So far we've talking about taking an app and using containers to prepare the apps to run. This is an obvious use case for them and one you're going to use a lot. But let's talk about a different use case for them: building development environments for your apps.

Let's paint a picture. Let's say you got a new job with a company and they're a Ruby shop (if you know Ruby, pretend you don't for a sec.) When you arrive, you're going to be given a very long, likely-out-of-date, complicated README that you're going to have to go look for and struggle to set up the proper version of Ruby, the correct dependencies installed, and that Mercury is in retrograde (just kidding.) Suffice to say, it's a not-fun struggle to get new apps working locally, particularly if it's in a stack that you're not familiar with. Shouldn't there be a better way? There is! (I feel like I'm selling knives on an informercial.)

Containers! What we can do is define a Dockerfile that sets up all our dependencies so that it's 100% re-createable with zero knowledge of how it works to everyone that approaches it. With bind mounts, we can mount our local code into the container so that we can edit locally and have it propagate into the development container. Let's give it a shot!

Ruby on Rails

I am not a Rails developer but I will confess I have always had an admiration for talented Rails developers. On one hand, I really don't like all the black magic that Rails entails. I feel like you whisper an arcane incantation into the CLI and on the other side a new website manifests itself from the ether. On the other hand, a really good Rails dev can make stuff so much faster than me because they can wield that sorcery so well.
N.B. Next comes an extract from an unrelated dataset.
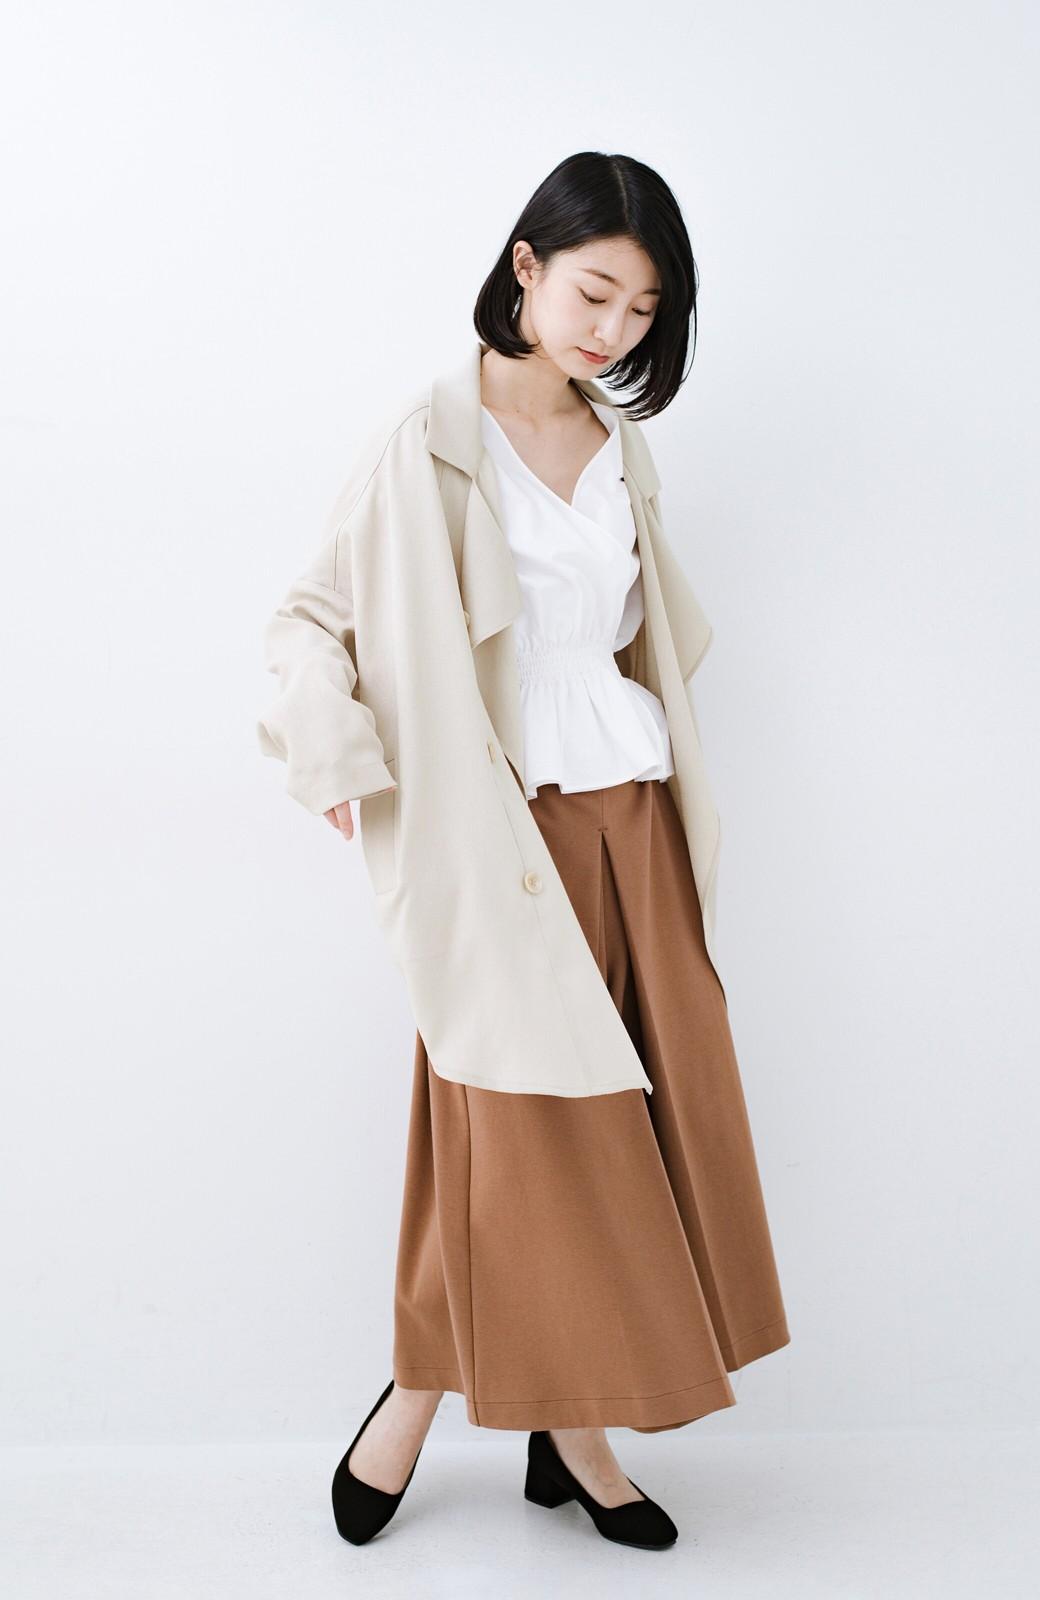 haco! いつものスタイルに羽織るだけで今気分が叶う 麻調トレンチジャケット <ライトベージュ>の商品写真5

So let's say we got added to a new Rails project and had to go set it up. Open this project in VS Code.

⛓️ Link to the project

If you do this in VS Code, it should show you a prompt in the bottom to reopen in a dev container. Say yes.

VS Code UI showing a prompt to reopen in dev container

If you miss the notification or want to do it later, you can either do in the Command Palette with the command "Dev Containers: Open Workspace in Container" or with the >< UI element in the bottom left of VS Code and clicking "Reopen in Container".

VS Code UI showing a prompt to reopen in dev container

This should build the container, setup all the Ruby dependencies and put you in a container. From here, you can open the terminal and see that you're now inside a Linux container. Run rails server and it will open the container and automatically forward the port for you to open localhost:3000 in your own browser. There you go! Rails running without very little thought about it on our part. This is even running SQLite for us. You can make pretty complicated dev environments (using Docker Compose, we'll talk about that later), this was just a simple example.

Personally, this took a good 30 mins of messing around just to get set up, but with a dev container it was just instant, and that's kind of the magic: it's a ready-made dev environment to go.

Just to be super clear, you dev containers and production containers will be different. You wouldn't want to ship your dev environment to production. So in these cases your project may have multiple Dockerfiles doing different things.

Dev Containers Outside of VS Code

While dev containers is a decidedly Microsoft / GitHub initative to start up, they have opened it into an open standard and other companies can now use dev containers. Here's a few other tools that work with dev containers.

  • DevContainer CLI – Run dev containers from the CLI directly and then you can just use them without any IDE needed to manage it. Maintained by Microsoft and GitHub
  • Visual Studio
  • JetBrain IntelliJ
  • GitHub Codespaces – Any time you open a project with a dev container in it in Codespaces, Codespaces will automatically use that dev container for you.